# Hard-Edged or Whimsical?



## Tecdavid (Nov 23, 2011)

Fantasy is a rather broad genre, really. When you really think about it, it _is_ odd to think of Discworld and A Song of Ice and Fire sharing the same category. One's flippant and fun, the other's hardy and severe.

Which do you prefer? The more serious, darker stories, riddled with eye-widening battles and complex depth as they often are, or the crafty, whimsical stories, in which anything really _can_ happen?

Also, do you believe a story can make decent use of both?


----------



## TheTomG (Nov 24, 2011)

I have liked both kinds of books, and I am sure that - just like life - both can co-exist within the same story too.


----------



## alchemist (Nov 24, 2011)

Personally, I don't like whole novels comprising fun and flippancy. Short stories, sure, but not a whole novel. I've only stopped reading 3 books in my lifetime and 2 were meant to be funny. I don't think the hilarity can be maintained for that long AND have a coherent story (and yes, that includes Discworld).

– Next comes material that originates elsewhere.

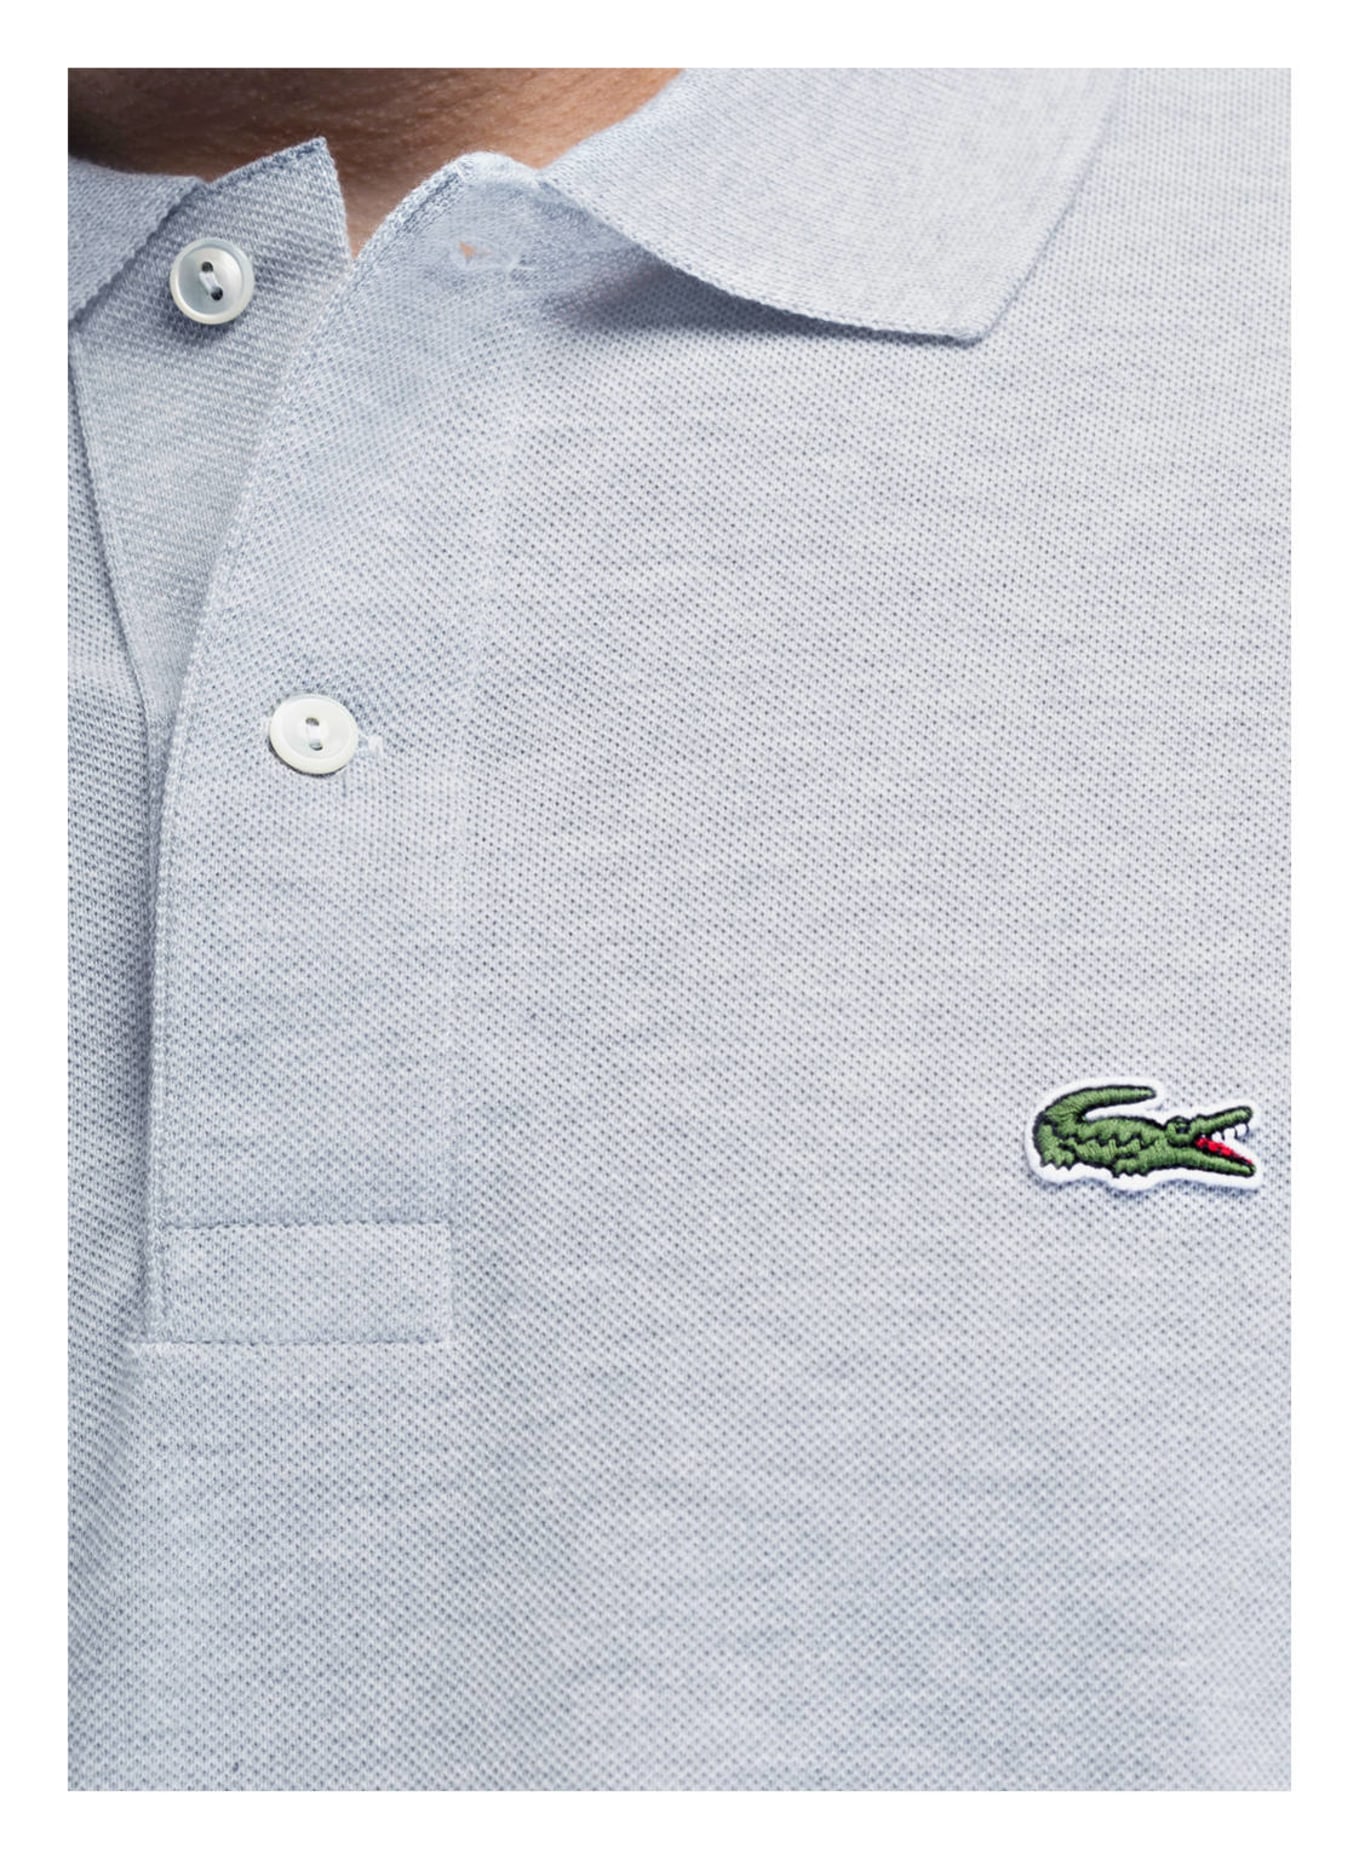 LACOSTE Piqué-Poloshirt Classic Fit, Farbe: HELLGRAU MELIERT (Bild 4)

Therefore I prefer my Fantasy books dark, just like my, er (no, not tea, or chocolate)...okay, I just prefer my Fantasy dark.


----------



## Jo Zebedee (Nov 24, 2011)

It depends where I'm reading it; on the train, somewhere distracting, I quite like whimsy, and I do like Pratchett, but for a real delve into story there needs to be some edge to it.  Unremitting darkness, I struggle with too, but if I want light I'd probably read a Marian Keyes and leave my fantasy as a more serious undertaking.


----------



## HareBrain (Nov 24, 2011)

I prefer it when a story has a variety of tone (assuming they fit properly together). One tone = monotonous.


----------



## AnyaKimlin (Nov 24, 2011)

I like a great plot, good characters -- beyond that I'm not fussed.  I just want to be taken in by the story.  Best of all is a book that includes tears of laughter and sadness, and a few oh my gosh is that really what is going to happen moments.


----------



## natalienoo (Nov 24, 2011)

I'm relatively new to intensive fantasy.  I've read Hobb and Tolkien, but up until a year ago my fantasy focus was more around Robert Rankin, Jasper Fforde, and the occasional Pratchett.  I've only recently read GRRM (which I'm grateful for.  I'm not great at re-reading books and I would have forgotten everything by the time A Dance With Dragons came out).  

I really enjoyed the ride with Westeros, but at the moment I'm re-reading the Thursday Next series so I can read One of Our Thursdays Is Missing with a fresh head of information.  

I don't think my mind could have taken another intensive world immediately after GRRM but it doesn't mean I won't crave something fully enthralling after Fforde.  They can most certainly work alongside one another.

Thrown in the odd classic sci-fi like Wells and Wyndham, the occasional horror from the likes of Barker or King, a little child's book here, a classic fiction there.. literature is love and I enjoy each ride.


----------